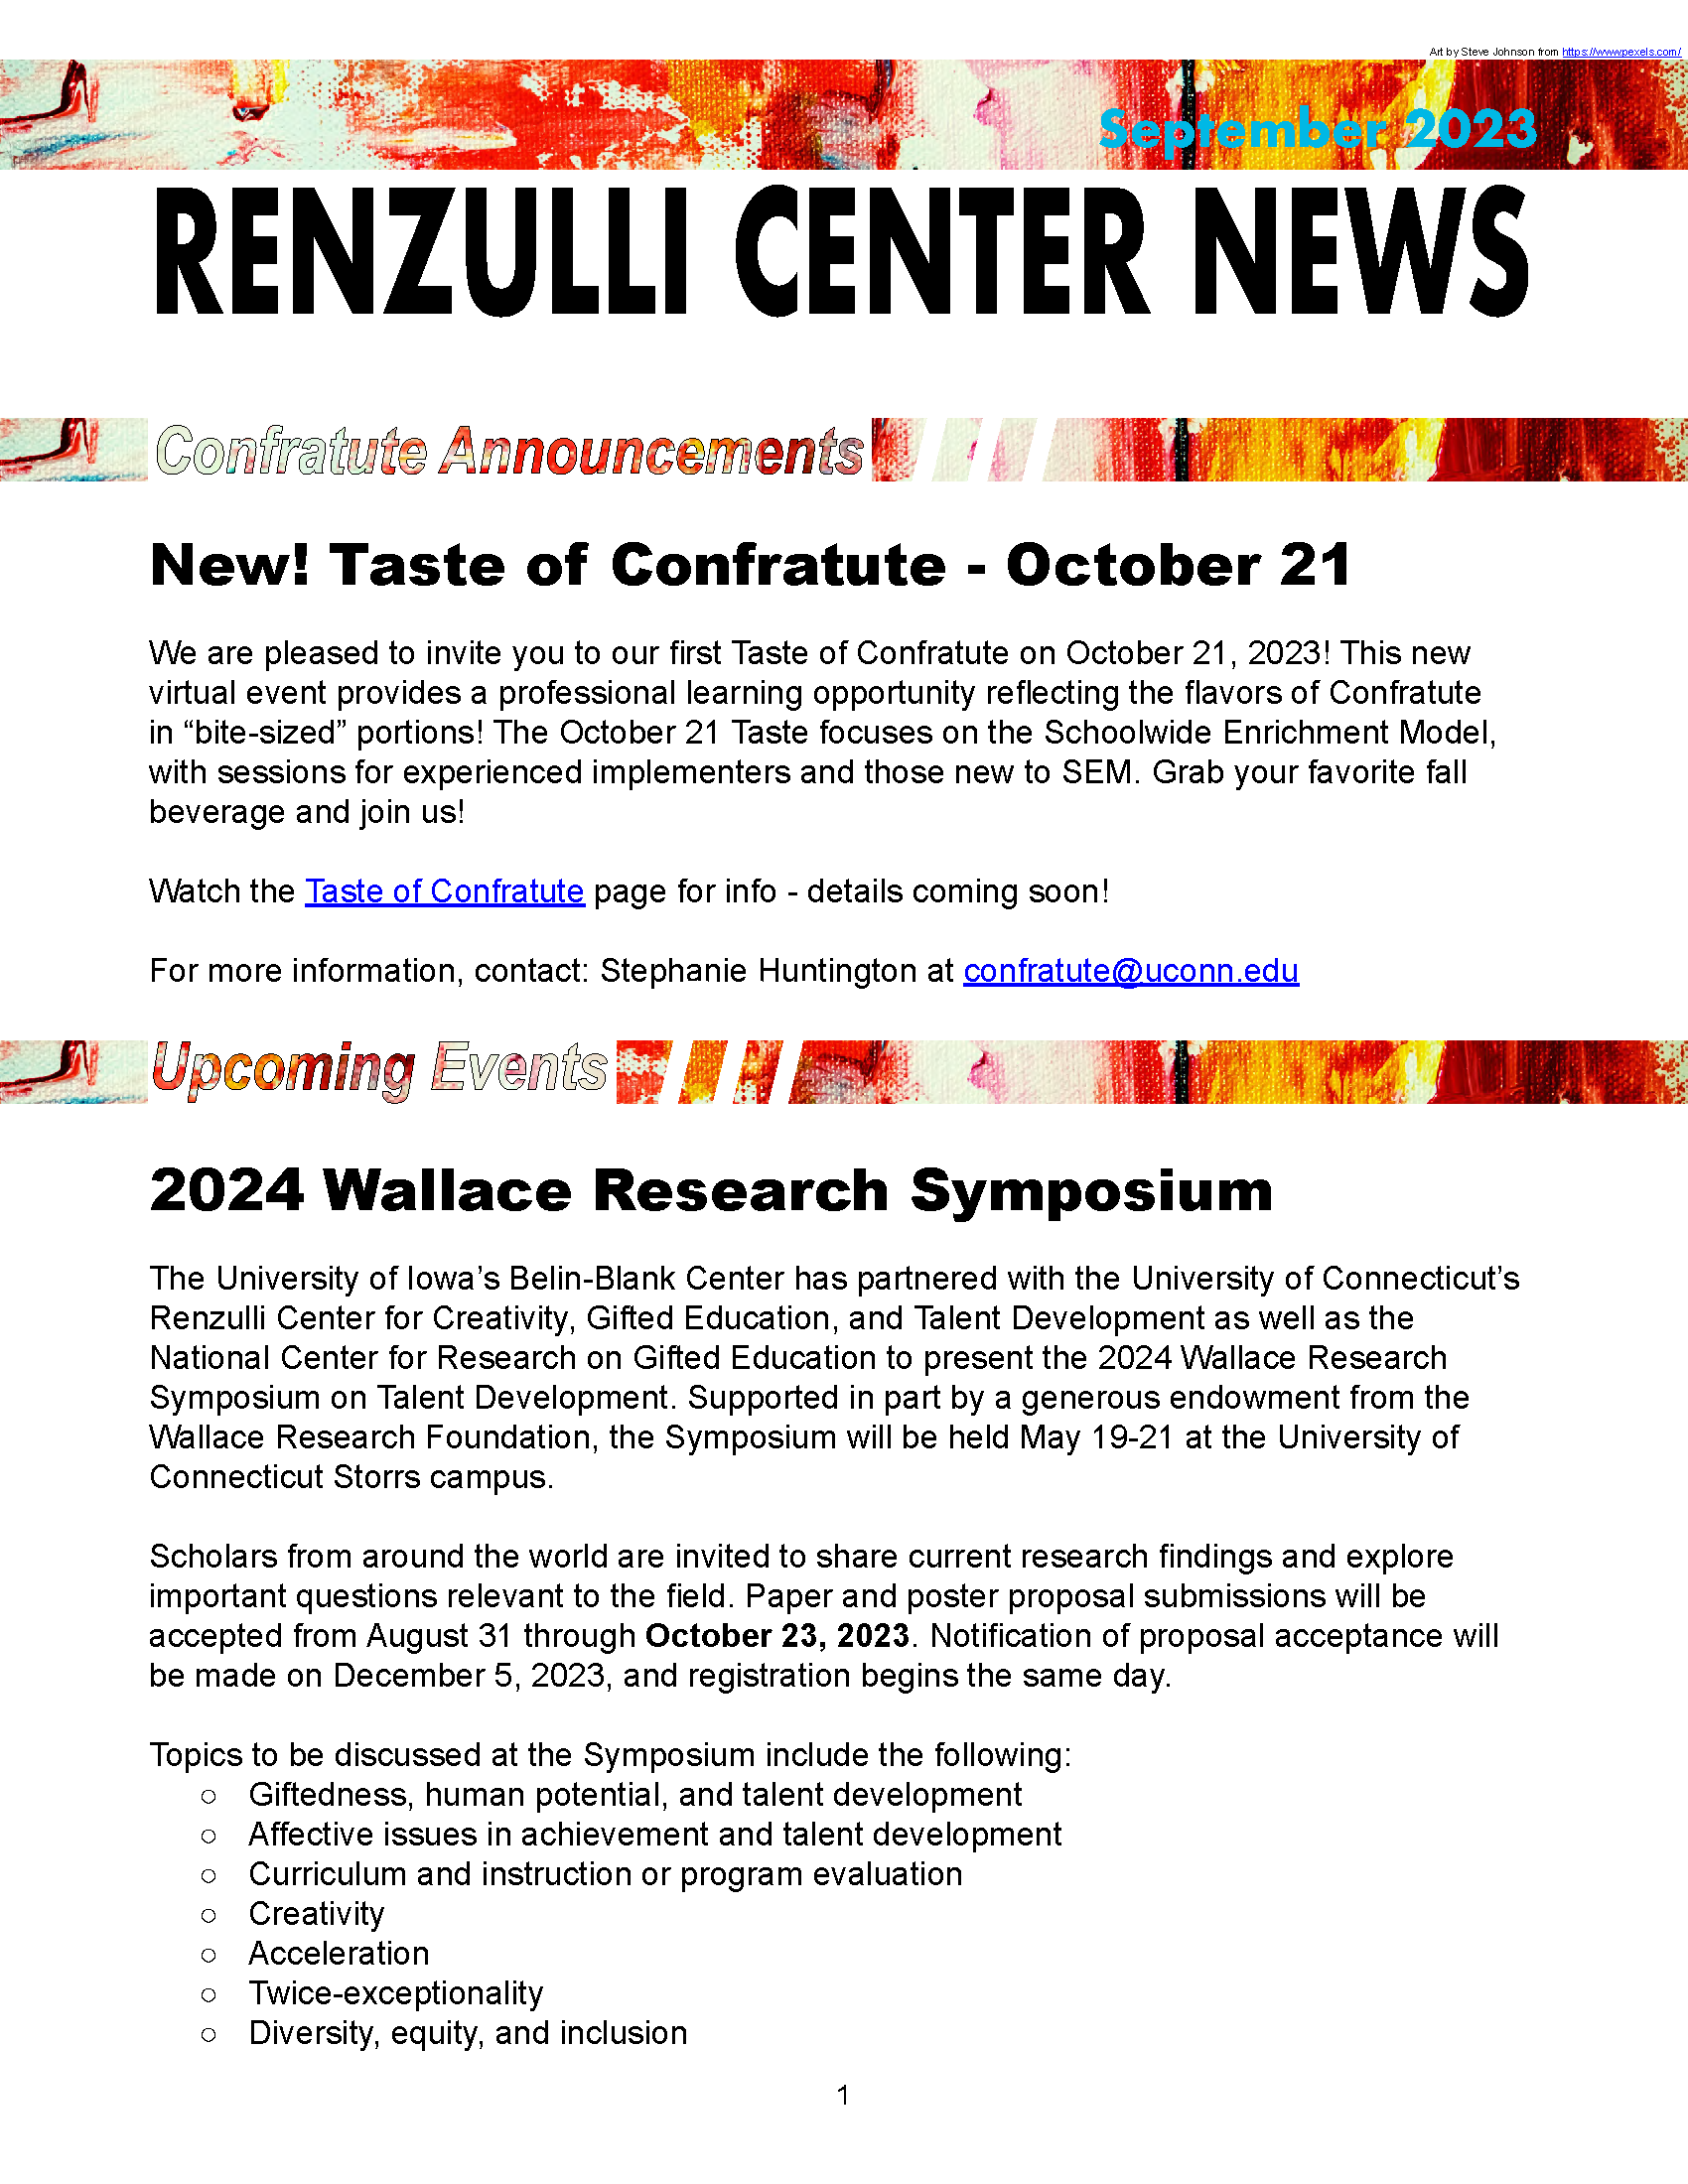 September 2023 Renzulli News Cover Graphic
# # #
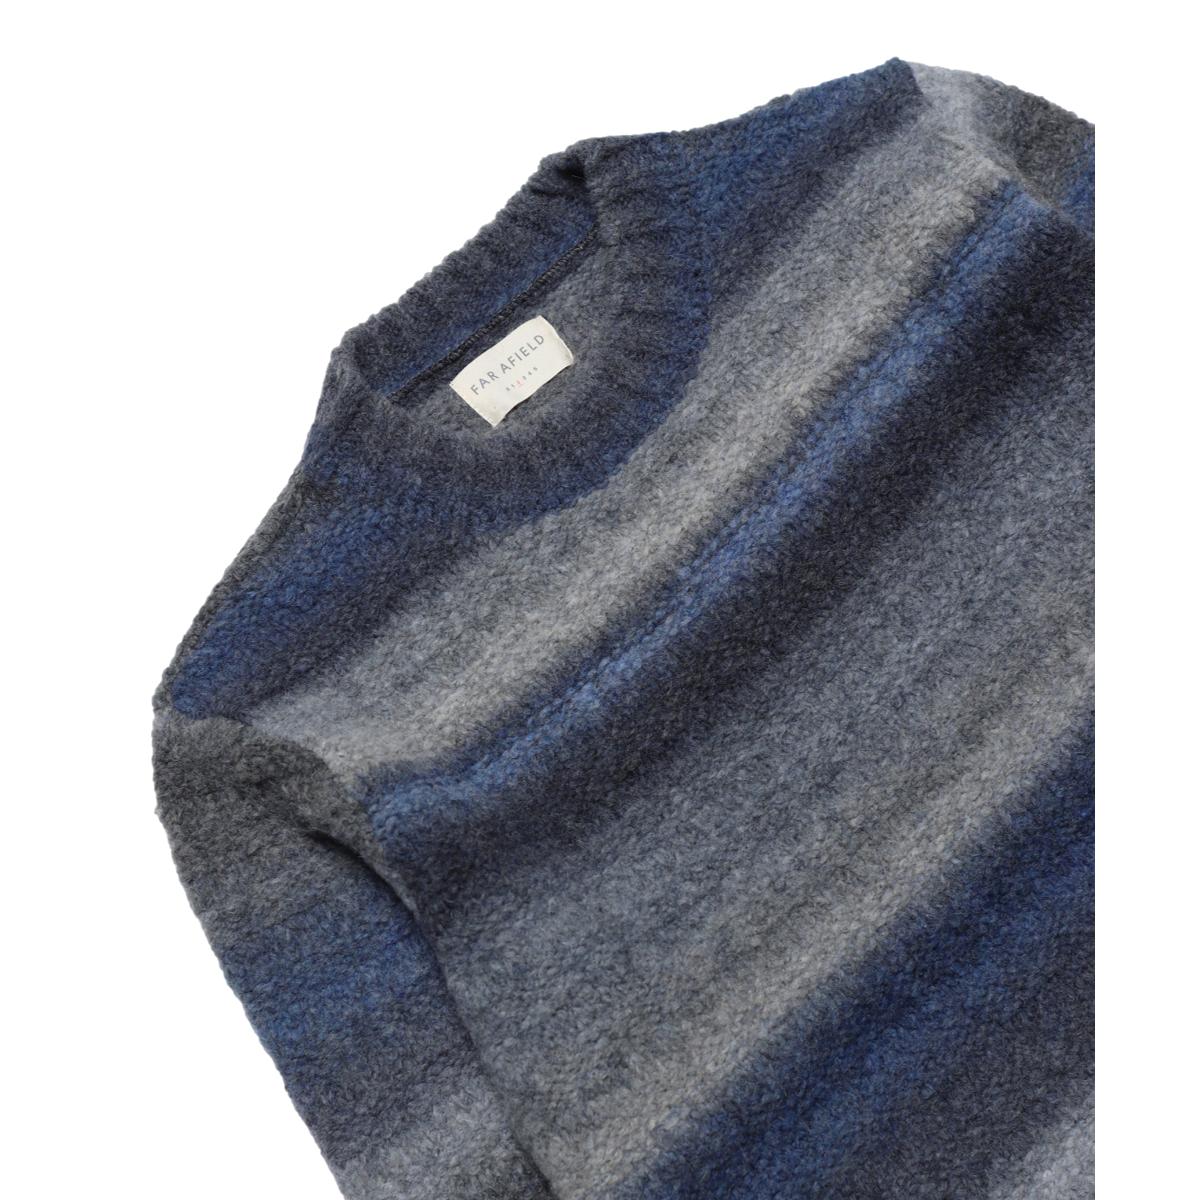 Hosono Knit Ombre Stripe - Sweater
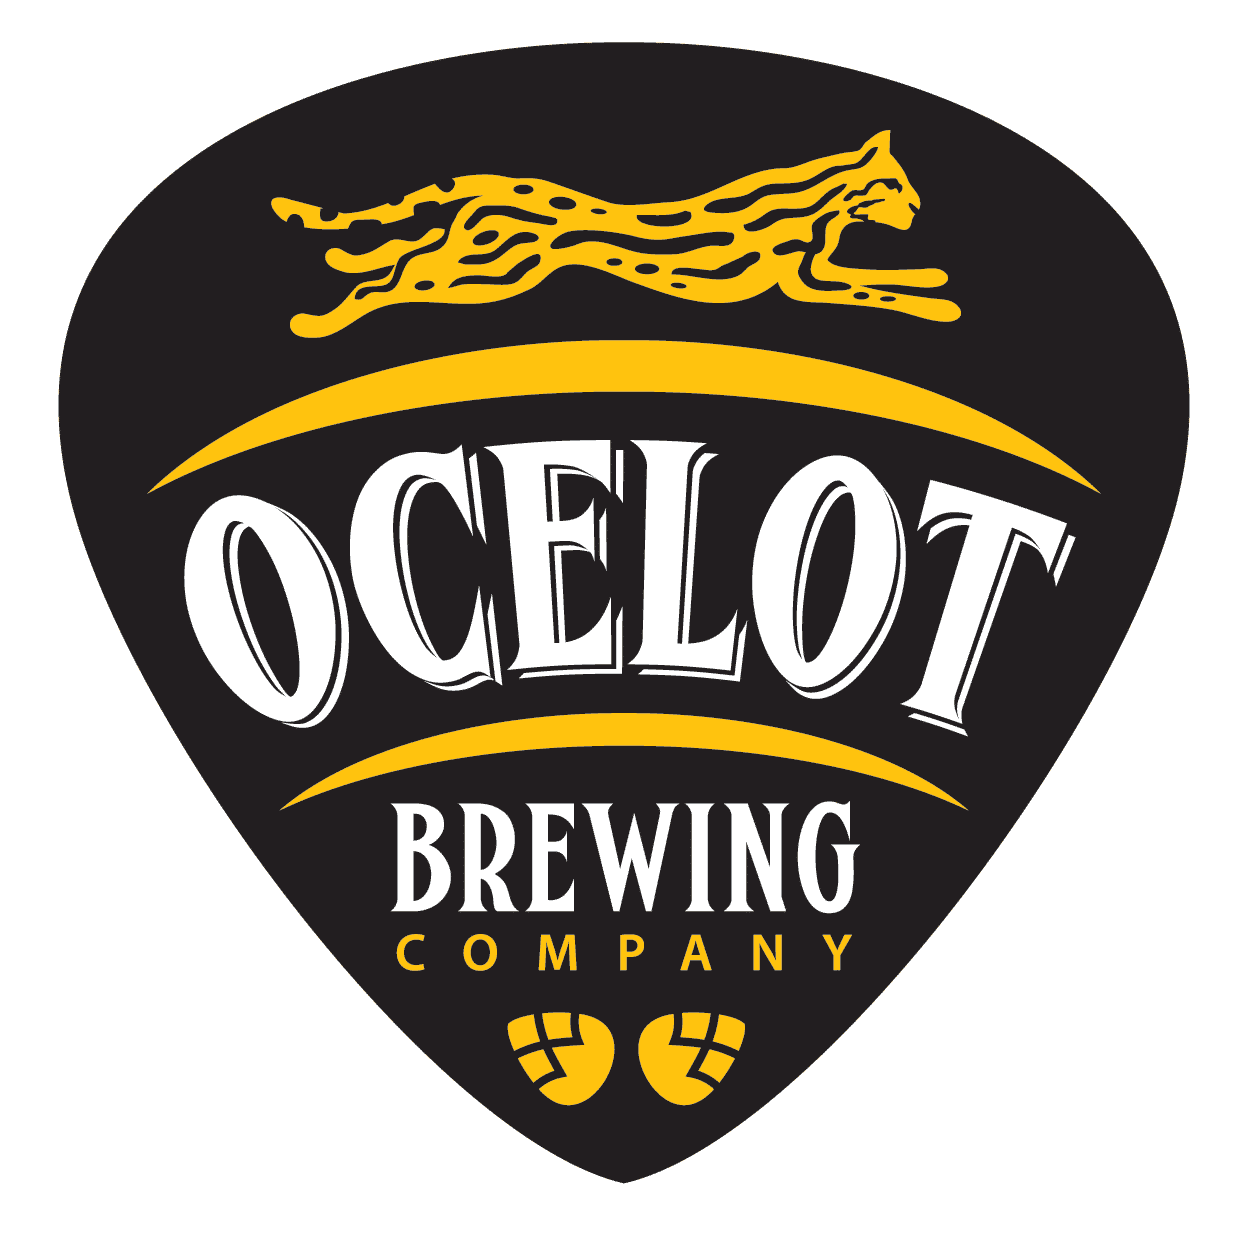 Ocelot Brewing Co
# # #
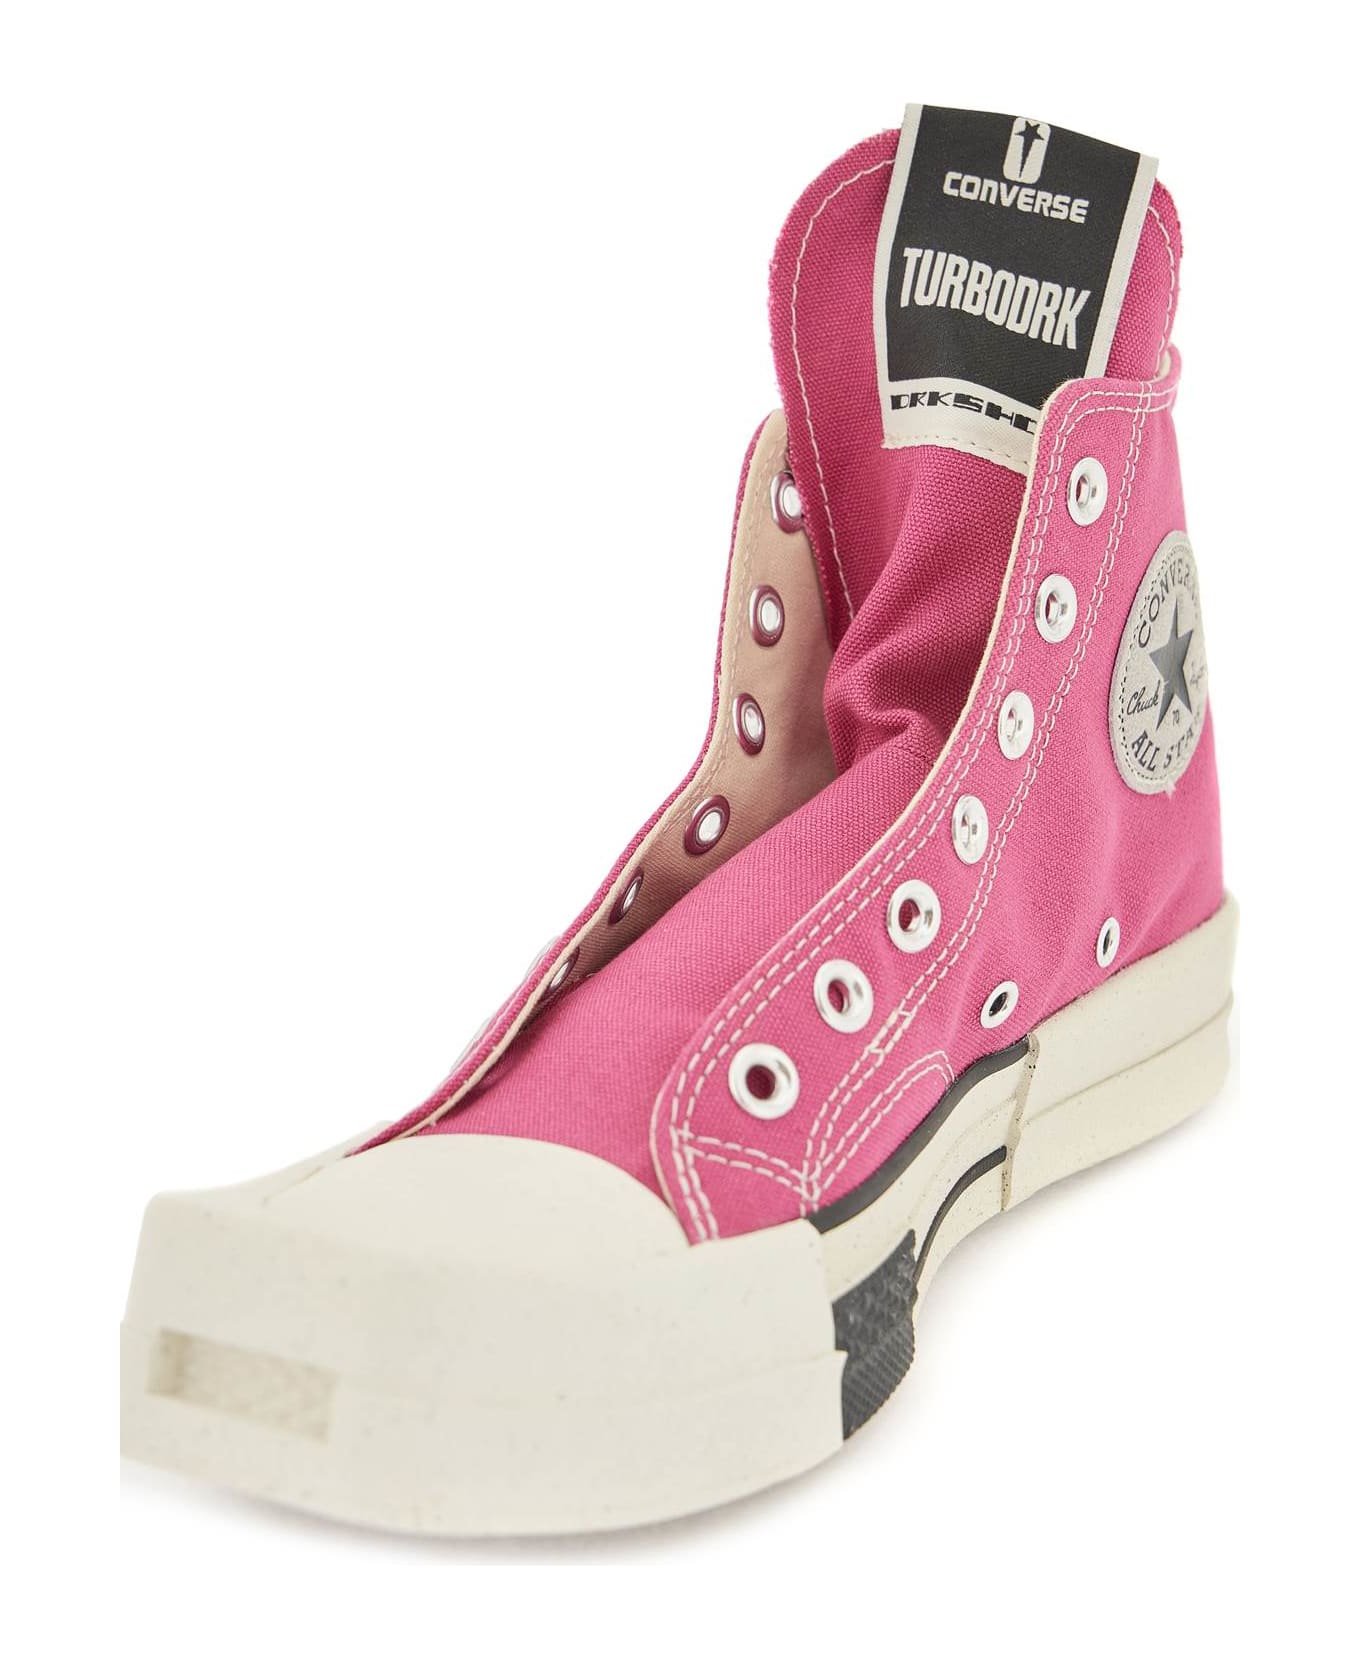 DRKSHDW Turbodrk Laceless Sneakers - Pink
# # #
== WHAT THIS TASK INVOLVES ==
Your answer should be the lines above, word for word, from the line with "Hosono Knit Ombre Stripe - Sweater" through the line with "Ocelot Brewing Co", minus the pictures.

== TASK RESPONSE ==
 Hosono Knit Ombre Stripe - Sweater
 Ocelot Brewing Co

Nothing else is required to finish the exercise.